1. the use of autoload could possibly be optimized to reduce the memory print

this is probably a bad example, but, for instance, HTMLPurifier's constructor goes something like:

        $this->config = HTMLPurifier_Config::create($config);
        
        $this->strategy     = new HTMLPurifier_Strategy_Core();
        $this->generator    = new HTMLPurifier_Generator();

and then HTMLPurifier_Strategy_Core's constructor goes on with:

        $this->strategies[] = new HTMLPurifier_Strategy_RemoveForeignElements();
        $this->strategies[] = new HTMLPurifier_Strategy_MakeWellFormed();
        $this->strategies[] = new HTMLPurifier_Strategy_FixNesting();
        $this->strategies[] = new HTMLPurifier_Strategy_ValidateAttributes();

... merely creating an instance of the class involves including zillions of files.

I'm quite certain we don't need a memory footprint of 600kB to process an empty string. :P

2. speaking of which...

public function purify($html, $config = null) {

the first line should probably be:

if ( !$html ) return $html;

and the second one could possibly be:

if ( !$this->has_any_html($html) ) return $html;

3. it would be sweet to have an option that leaves the autoload order untouched. please let me try to load my own classes first, without needing to rewrite your auto.php and autoload.php files. ;-)

better: if spl_autoload_functions() is returning anything and the __autoload() function does not exist, you're pretty safe to assume the coder who wrote the code knew what he was doing... if __autoload() exists and spl_autoload_functions() returns something as well, you're safe to assume someone included a library which, like yours, compensates inept coders by doing things "the right way" before letting the core application nuke the entire thing.

4. you're serializing/unserializing the config cache. would it not make more sense to use var_export($var, true) instead?

on top of the performance gain, there's the occasional issue with serialization and server encoding settings, e.g.:

http://trac.wordpress.org/ticket/6532#comment:5

I'm sure I'll find a few more suggestions as I use the library. it's really neat. I wish it was BSD licensed... ;-)

D.

Re: Ouch! the resources! :-(
May 05, 2008 10:22PM

here's a feature request... something like:

$valid_tags = str_replace(array("\n", "\r", "\t", ' '), '', $valid_tags);

that way, you can configure this with a cleaner looking variable.

D.

Re: Ouch! the resources! :-(
May 05, 2008 10:51PM

here's a bug:

upon using this:

		$config = HTMLPurifier_Config::createDefault();
		$config->set('Cache', 'SerializerPath', mc_config);
		$config->set('HTML', 'TidyLevel', 'none');
		$config->set('HTML', 'Trusted', true);
		$config->set('URI', 'Base', mc_home);
		$config->set('URI', 'MakeAbsolute', true);

with:

$purifier->purify(&#039;<b style="color: red;">test</b>&#039;);

I get a fatal error:

HTMLPurifier_Bootstrap::require(HTMLPurifier/AttrTransform/ScriptRequired.php) [function.HTMLPurifier-Bootstrap-require]: failed to open stream: No such file or directory in /path/to/htmlpurifier/HTMLPurifier/Bootstrap.php on line 40

It's related to HTML.Trusted as far as I can tell.

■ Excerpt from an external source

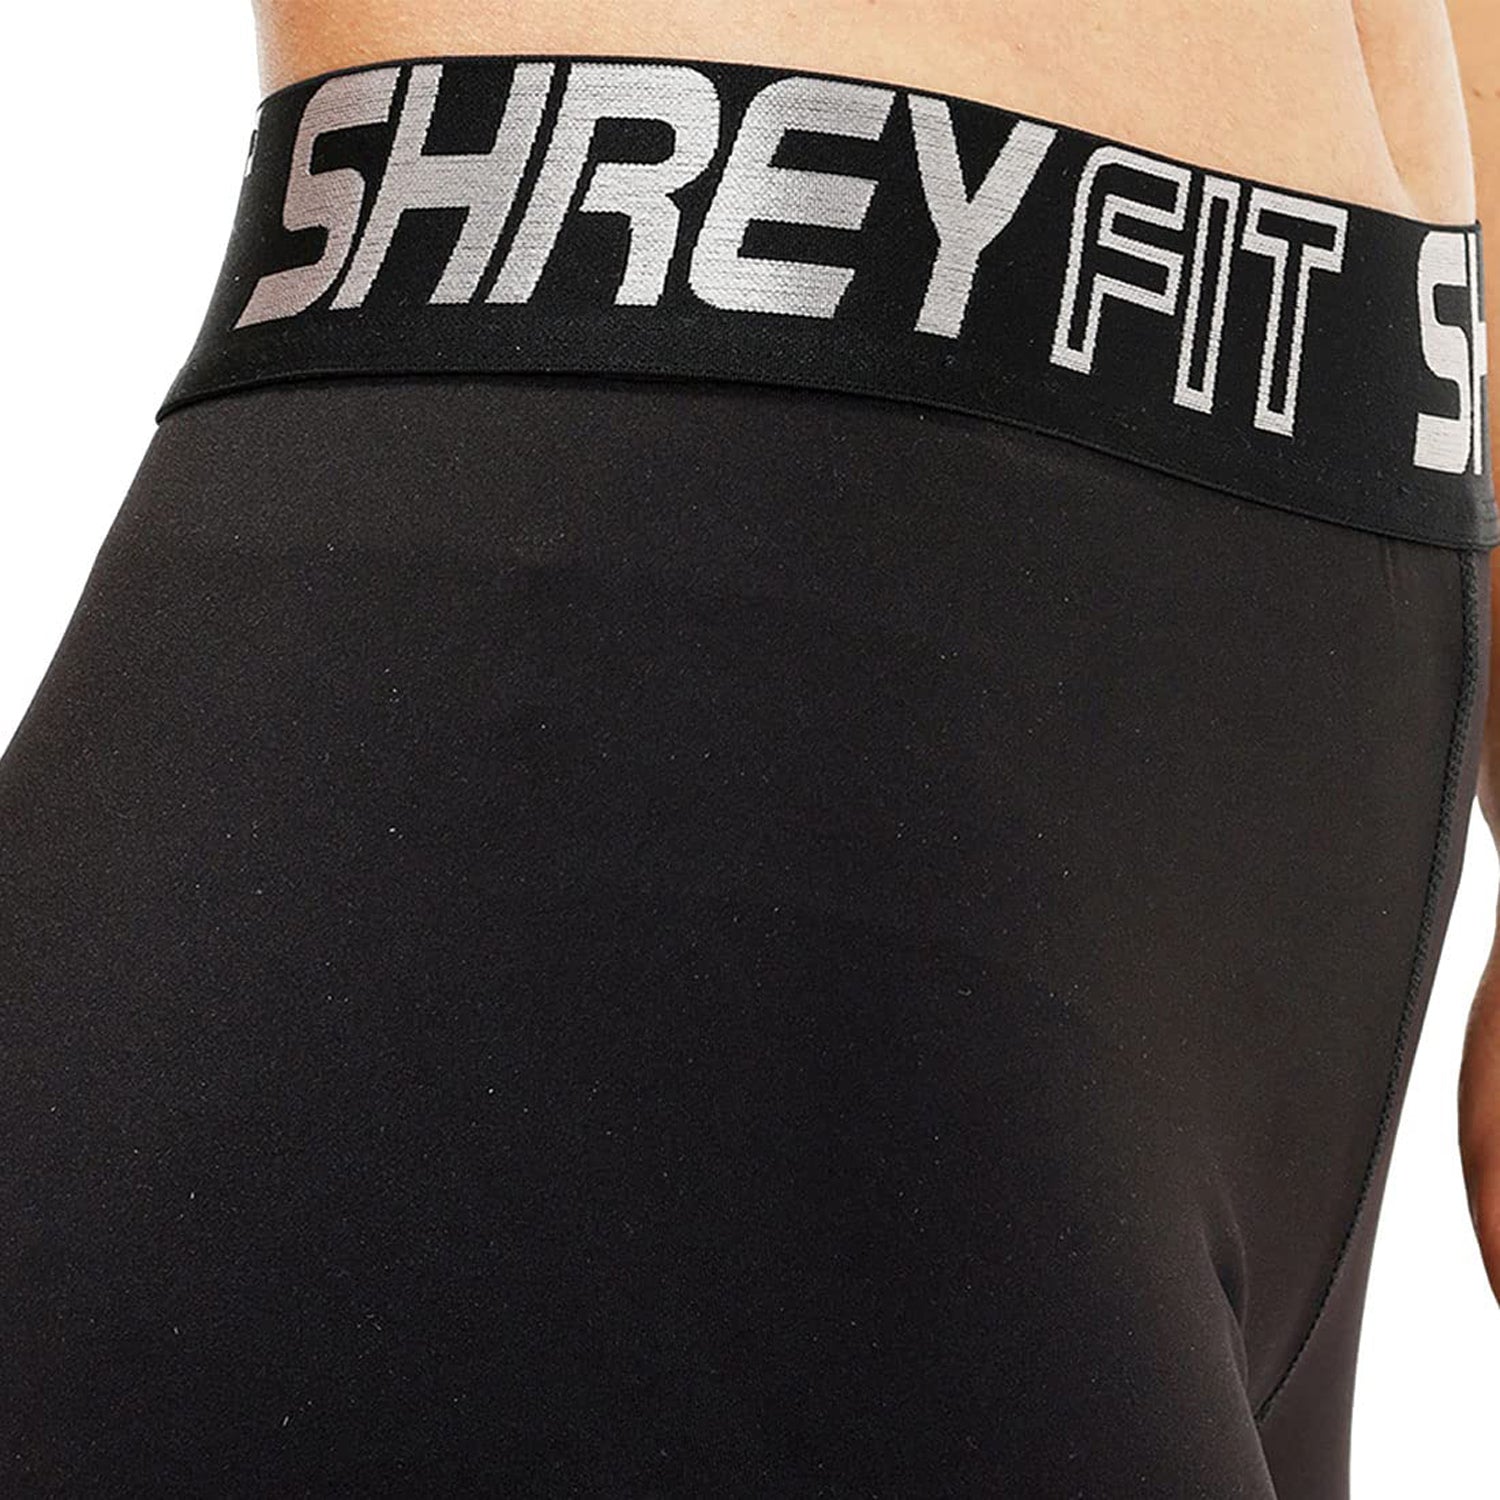 Shrey Snug Leggings, Black - Best Price online Prokicksports.com

Re: Ouch! the resources! :-(
May 05, 2008 11:02PM

I'm very interested! Thank you for your comments!

the use of autoload could possibly be optimized to reduce the memory print

Having one file per class, I agree, isn't the most conducive to good performance. However, it's a choice we consciously made, and one that can be worked around: with the standalone library all the classes are in one file.

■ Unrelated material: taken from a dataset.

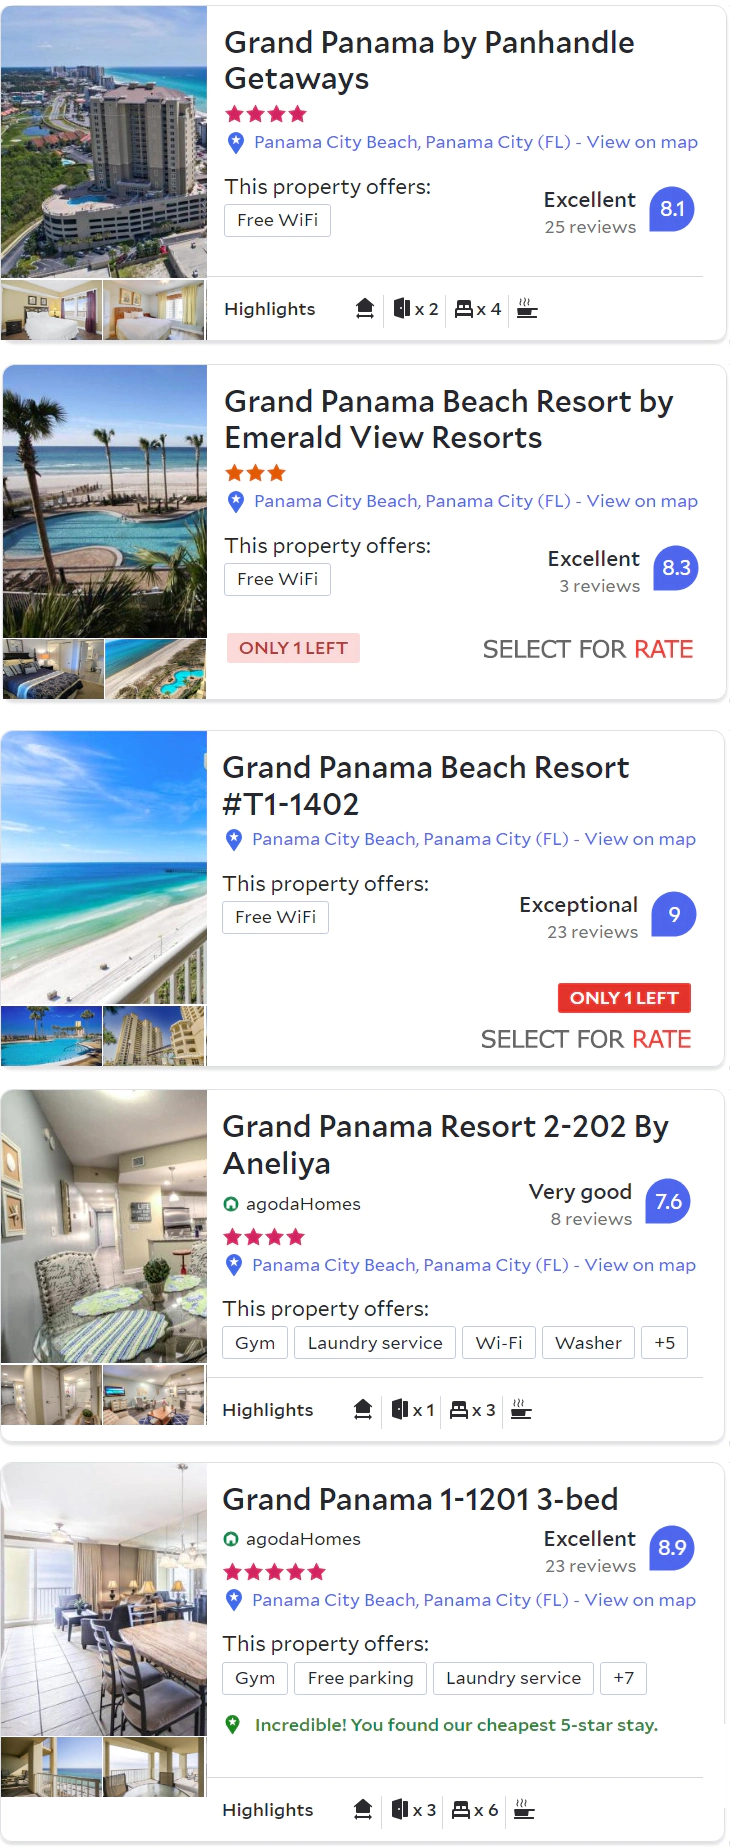 The Grand Panama Resort Panama City Beach Florida

I'm quite certain we don't need a memory footprint of 600kB to process an empty string. :P

You come to a very important point, which is with regards to lazy-loading and HTML Purifier. HTML Purifier takes a very aggressive approach when it comes to loading its memory intensive components, namely the HTML definitions. PHP's objects are somewhat bulky with regards to memory.

In short, I really don't know how to fix this. Sure, for degenerate cases like empty strings, I can handle it, but other that it's difficult.

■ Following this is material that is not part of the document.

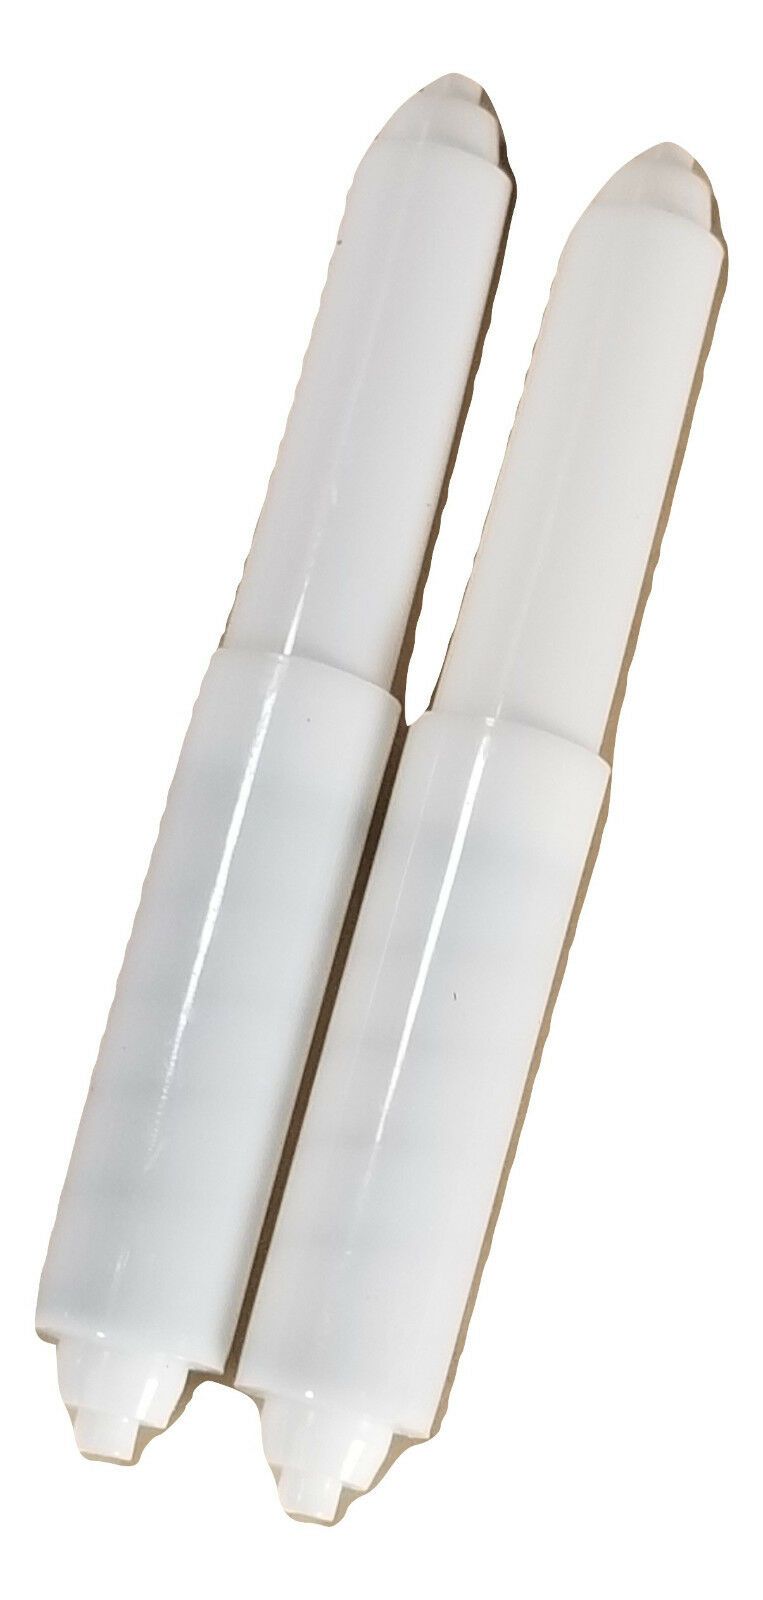 2 toilet paper rollers tissue holders white plastic Toilet Paper Holders-Mounted Carvers Olde Iron

if ( !$this->has_any_html($html) ) return $html;

That's an optimization probably worth doing. I'll put that on my TODO list.

One thing to be careful about, however, is interaction of that and %HTML.Parent; let's suppose it's set to table (I've never heard of that happening before), plaintext is improper in such a context.

it would be sweet to have an option that leaves the autoload order untouched. please let me try to load my own classes first, without needing to rewrite your auto.php and autoload.php files. ;-)

As far as I know, I do give you that option! You just can't include the HTMLPurifier.autoload.php file or use our HTMLPurifier_Bootstrap::registerAutoload() function. Our autoload is array('HTMLPurifier_Bootstrap', 'autoload'); all you need is HTMLPurifier/Bootstrap.php included and you're good to go to do whatever you want.

you're pretty safe to assume the coder who wrote the code knew what he was doing

Not necessarily. Some autoloaders blithely attempt to include a file whether or not it exists or not and end up triggering a plethora of errors. It is quite important that HTMLPurifier's autoloader is called first.

if __autoload() exists and spl_autoload_functions() returns something as well, you're safe to assume someone included a library which, like yours, compensates inept coders by doing things "the right way" before letting the core application nuke the entire thing.

I'm not sure, however, what the different behavior would be. See above, I guess.

you're serializing/unserializing the config cache. would it not make more sense to use var_export($var, true) instead?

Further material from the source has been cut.